The pancreas is the organ that secretes trypsin.
Trypsin is a crucial enzyme for protein digestion, but it isn't secreted in its active form. Instead, the pancreas releases an inactive precursor called trypsinogen. This prevents the enzyme from digesting the proteins within the pancreas itself.
Here's a breakdown of the process:
- Production: The pancreatic acinar cells synthesize and package trypsinogen into zymogen granules.
- Secretion: Upon stimulation (e.g., by hormones like cholecystokinin), the pancreas secretes trypsinogen into the pancreatic duct, which empties into the duodenum (the first part of the small intestine).
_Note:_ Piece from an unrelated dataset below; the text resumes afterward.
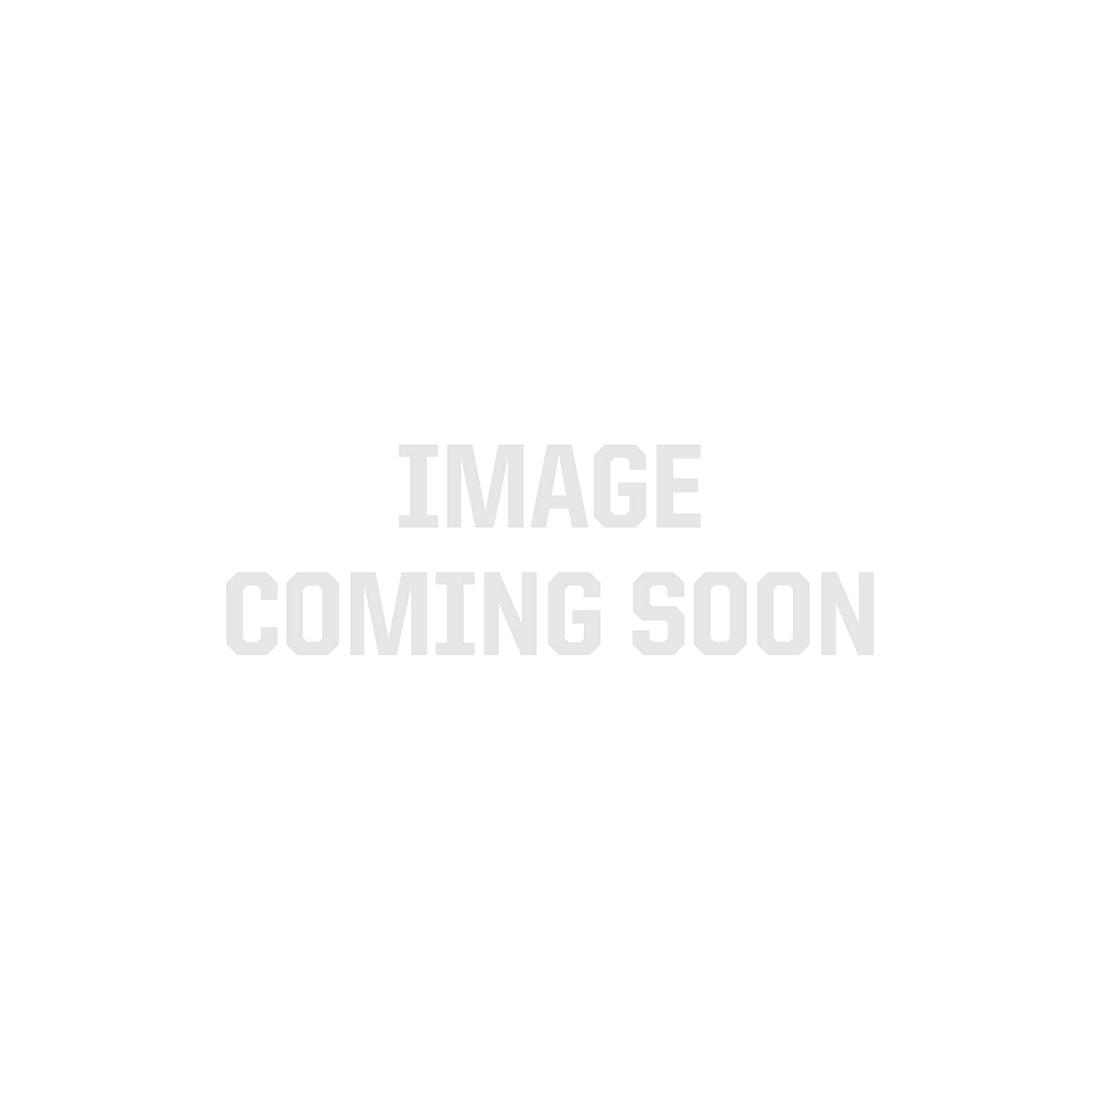 UltraSlim 2016 LED Strip Light - 4,000K - 120/m - 5m Reel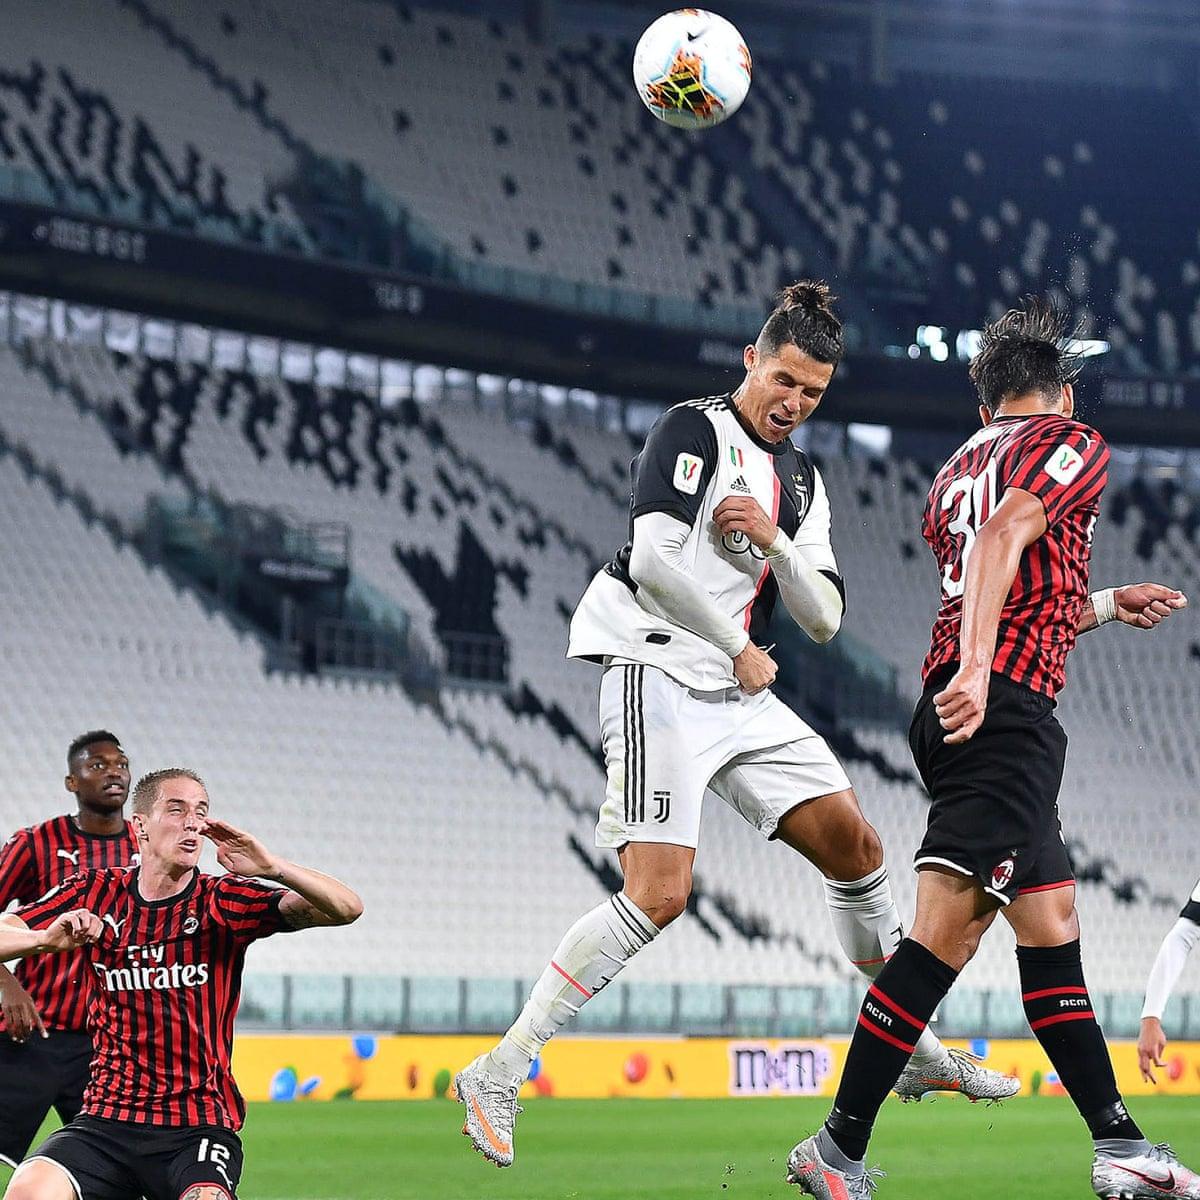 Juventus Reach Coppa Italia Final After Stalemate Despite Ronaldo Penalty Miss European Club Football The Guardian

- Activation: In the duodenum, an enzyme called enteropeptidase (or enterokinase), which is produced by the duodenal mucosa, cleaves trypsinogen to form active trypsin.
- Function: Active trypsin then catalyzes the hydrolysis of peptide bonds, breaking down larger proteins into smaller peptides and amino acids, facilitating their absorption. Trypsin also activates other pancreatic proenzymes like chymotrypsinogen and procarboxypeptidase, further contributing to protein digestion.
Because trypsin is specifically produced by the pancreas, it serves as an important marker for pancreatic function. Measuring trypsin levels can help diagnose pancreatic disorders such as pancreatitis or cystic fibrosis.